Brief - Give again, exactly as written, the lines of the records below from the line with "Missguided Marškinėliai-glaustinukė 'Floral" to the line with "Serra Copo broca". Both end lines count; pictures do not.

Material shown -
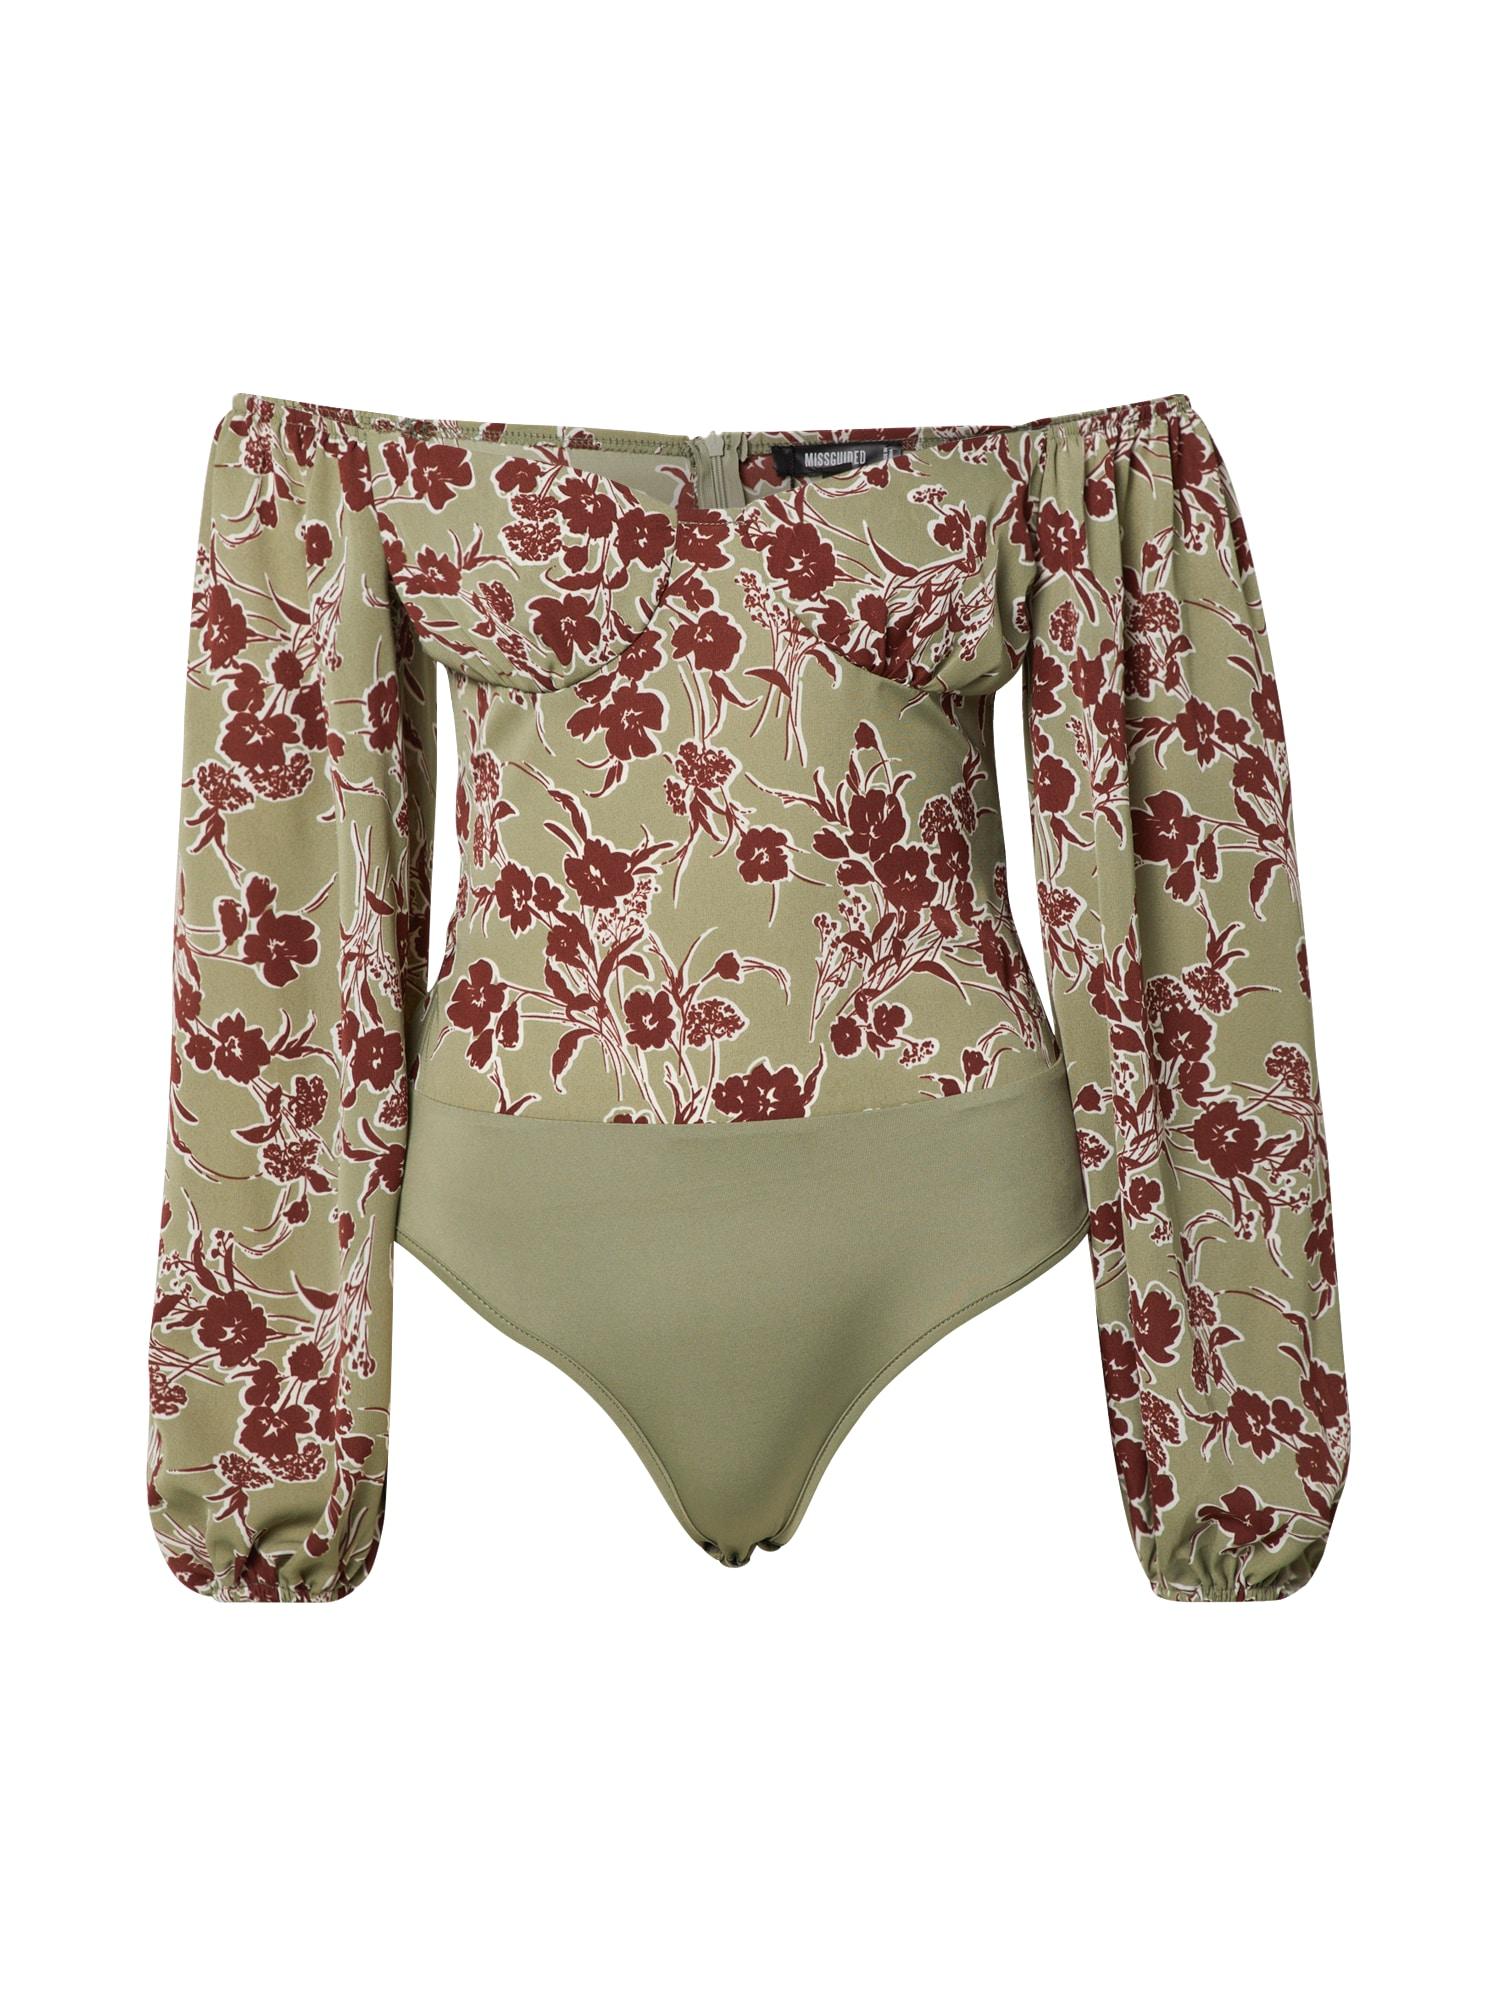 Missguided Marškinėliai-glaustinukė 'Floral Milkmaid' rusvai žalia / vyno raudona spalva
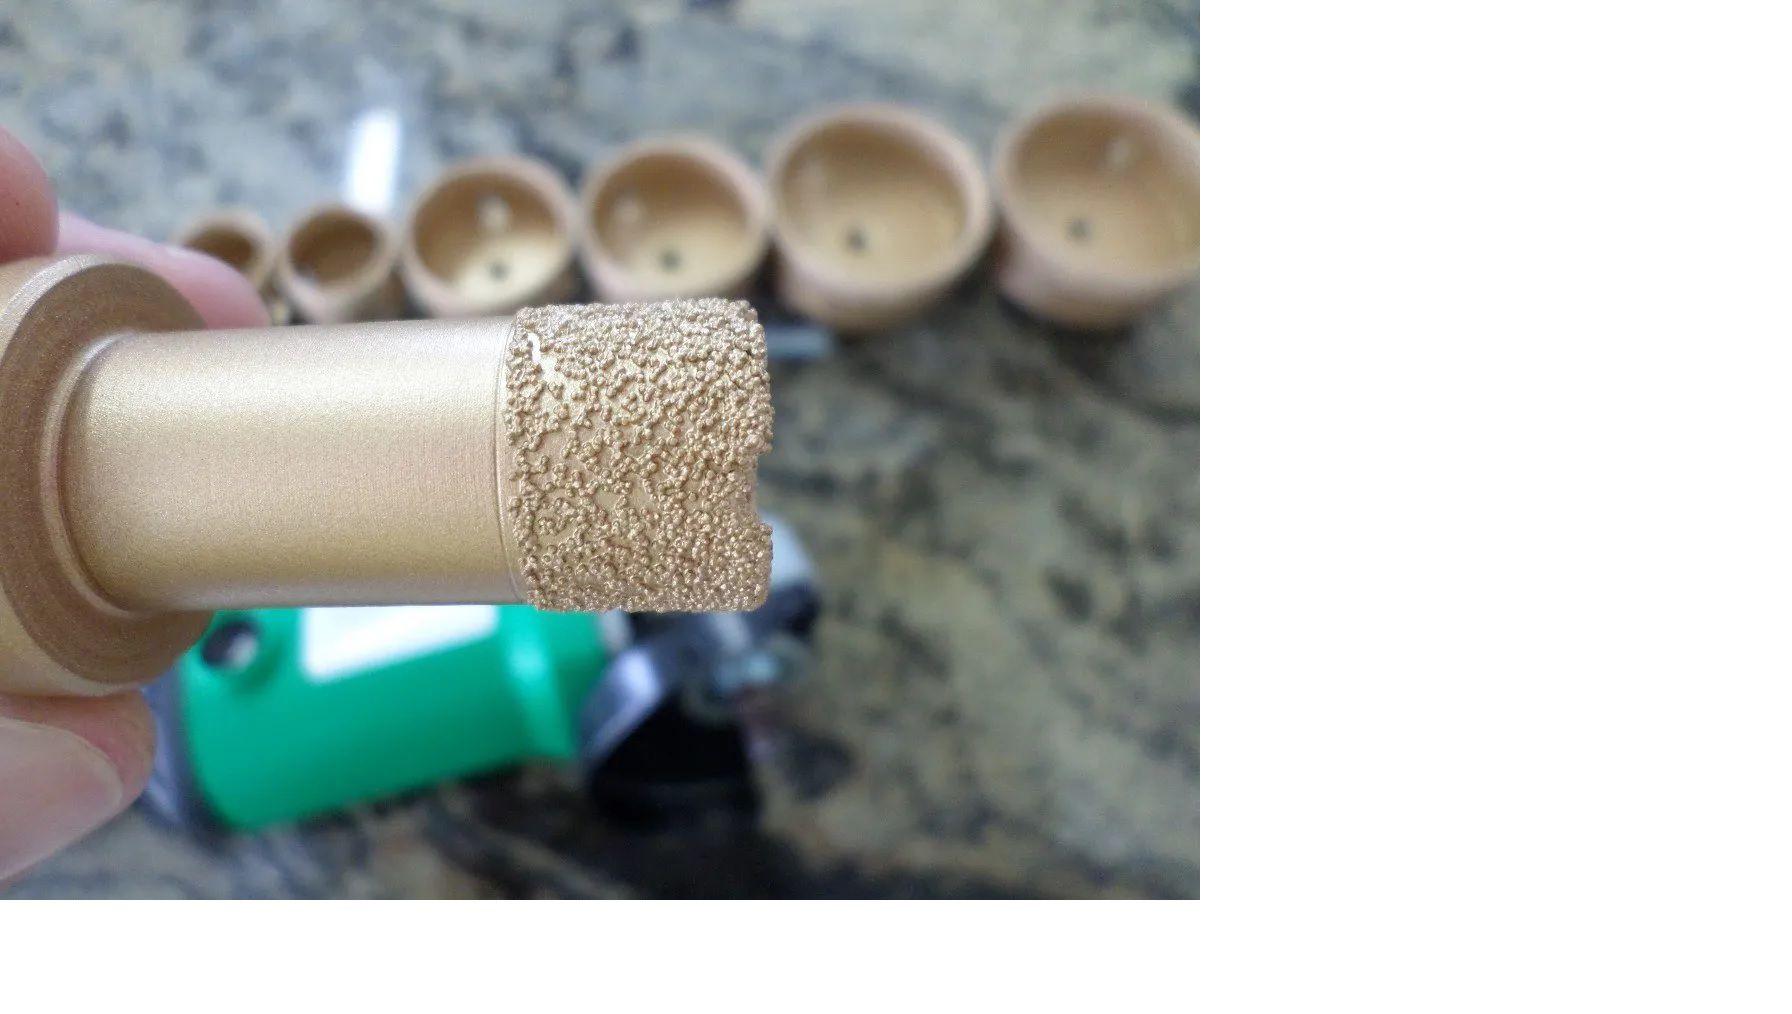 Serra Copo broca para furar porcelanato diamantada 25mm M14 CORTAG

...

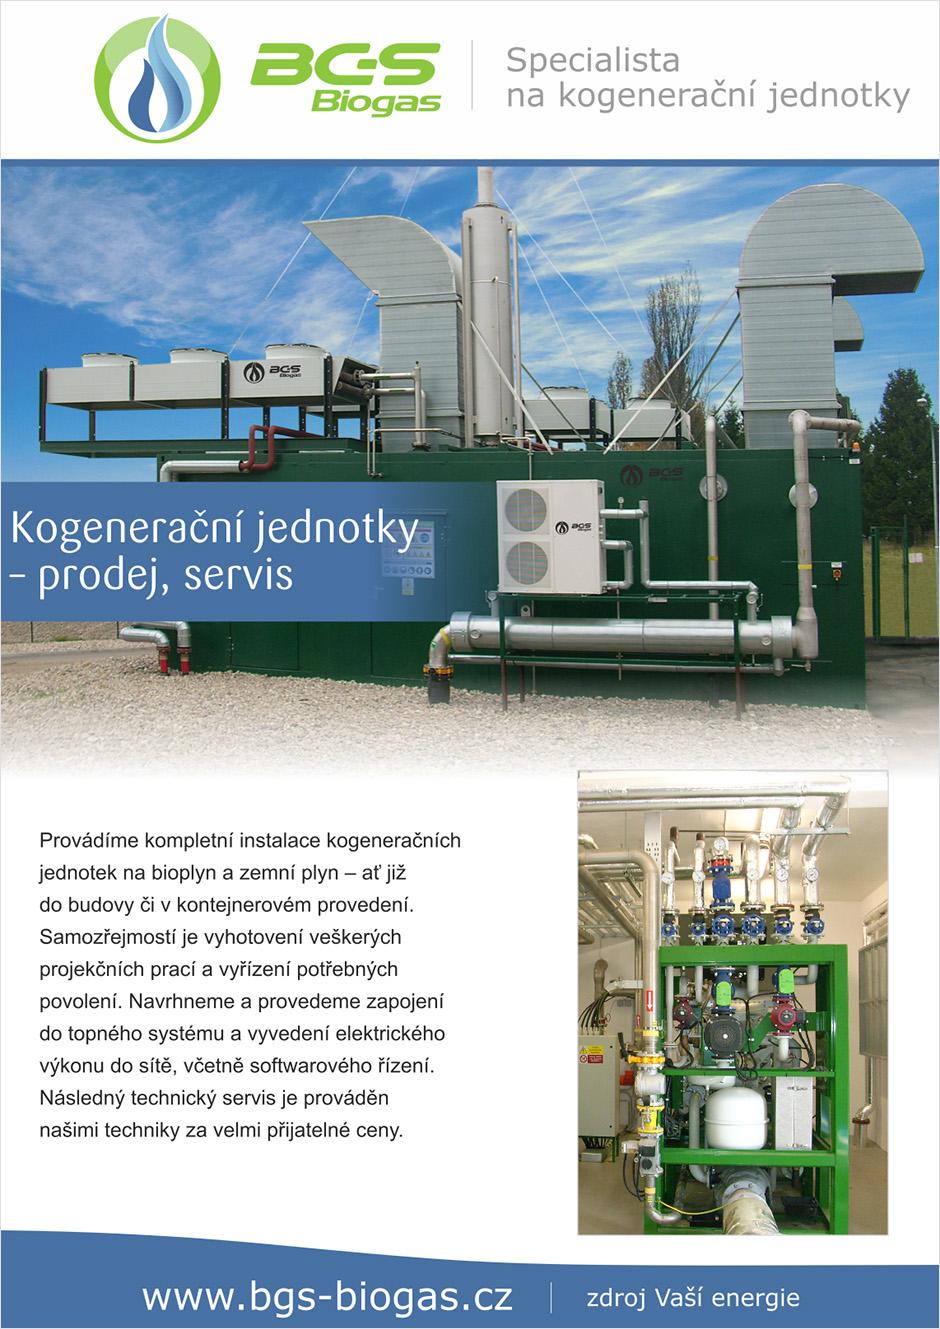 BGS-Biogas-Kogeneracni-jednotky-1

Exercise solution -
 Missguided Marškinėliai-glaustinukė 'Floral Milkmaid' rusvai žalia / vyno raudona spalva
 Serra Copo broca para furar porcelanato diamantada 25mm M14 CORTAG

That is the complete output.